Why are businesses shifting to the cloud?

Businesses are increasingly migrating to cloud, due to its potential to streamline operations, reduce costs, and enhance scalability and flexibility. By shifting their infrastructure to the cloud, either as a whole or, more commonly in a hybrid model, organizations can access a wide array of services, such as storage, compute and software applications, without the need for extensive on-premises hardware. However, this transition isn't without challenges.  

Security challenges of cloud migration

Data security, compliance, integration with existing systems, and ensuring consistent performance are critical concerns that need to be addressed. Therefore, companies must develop robust oversight, implement comprehensive security measures, and invest in staff training to successfully navigate the transition to the cloud all while minimizing potential disruptions.
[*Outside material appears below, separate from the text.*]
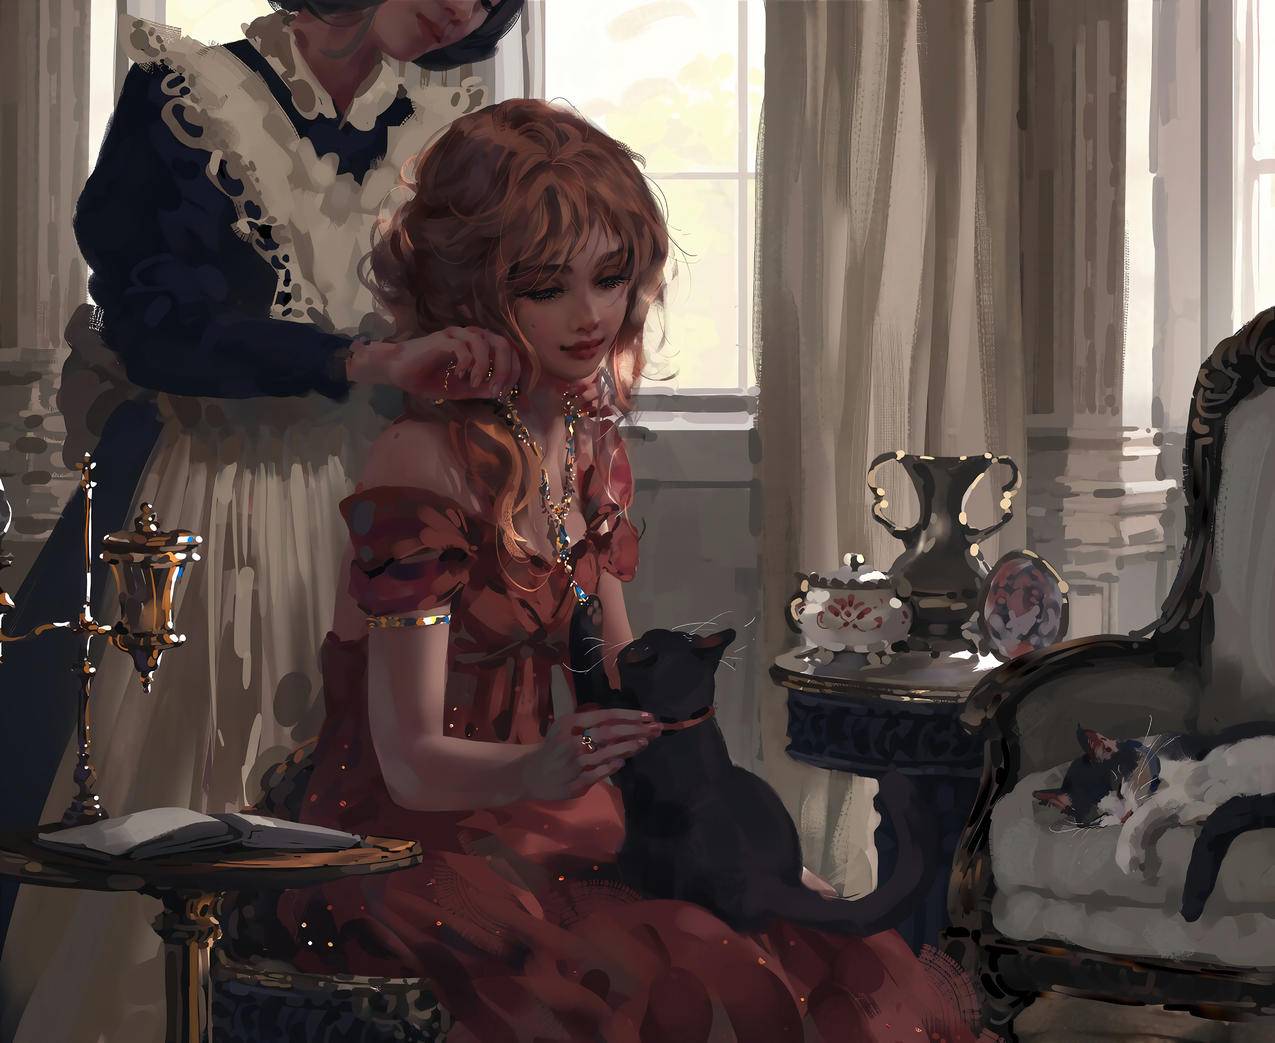 女仆 女孩 精致 红裙 猫 沙发 项链 茶具 书 4K高清动漫壁纸
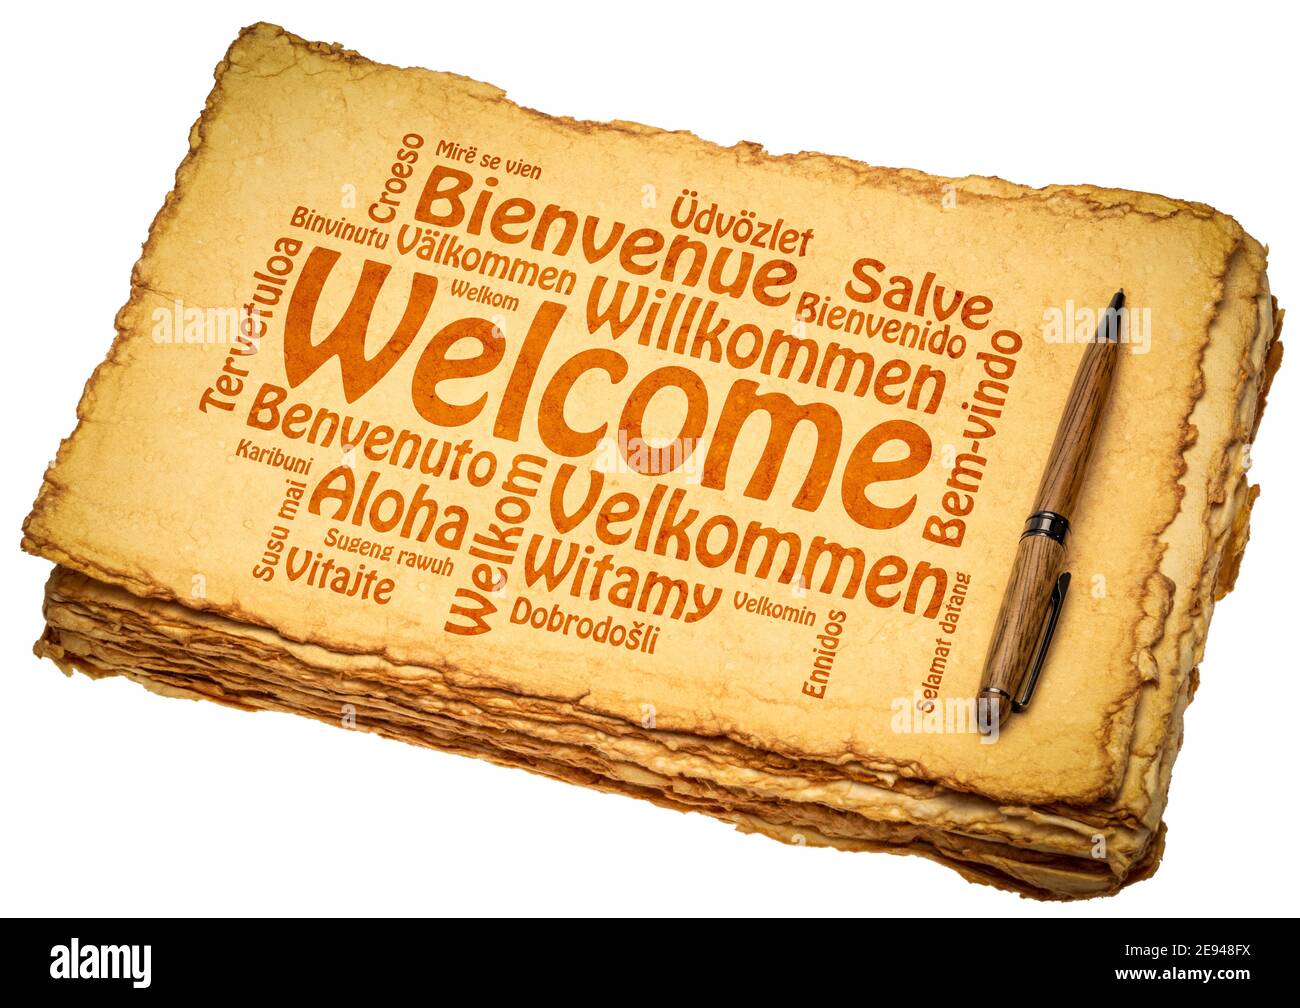 Willkommen in verschiedenen Sprachen - eine Wortwolke auf einem groben handgefertigten Papier, Grüße und Gastfreundschaft Konzept Stockfoto

Implementing security measures within a company, however, is a complex endeavour that involves coordination among numerous internal stakeholders two of the most pivotal players involved in cloud security investment, are the security team, entrusted with crafting a business's defensive strategy, and the DevOps engineering team, architects of the infrastructure underpinning the organization's business operations.

Key questions to ask when securing the cloud

Which team is responsible for maintaining the application?  

What do they consider normal?  

How are potential misconfigurations increasing the potential risk of an incident?

Best practices of cloud security

Contextual awareness of the business is a crucial facet for securing a company's cloud infrastructure, as it enables organizations to align security measures with specific business objectives, risks, and regulatory requirements. Understanding the context of the business operations, its goals, critical assets, and compliance obligations, allows security teams to tailor their strategies and controls accordingly.

How does Darktrace help secure the cloud?

In response to the difficulties outlined above, Darktrace has adopted a holistic approach to security with an ActiveAI security platform that is context-aware. This platform enables stakeholders to effectively detect and respond to threats that may arise within their cloud or on premises environments.  

By monitoring your network and identity activity, Darktrace can identify what is considered “normal” within your organization. This however doesn’t tell the whole story. It is also important to understand where these actions are occurring within the context of the business.  

Visibility in the cloud

Without visibility into the individual assets that make up the cloud environment, how these are configured, and how they operate at run time, security is incredibly difficult to maintain. Visibility allows security teams to identify potential vulnerabilities, misconfigurations, or unauthorized access points that could be exploited by malicious actors. It enables proactive monitoring and rapid response to security incidents, ensuring that any threats are promptly identified and mitigated before they can cause significant damage.  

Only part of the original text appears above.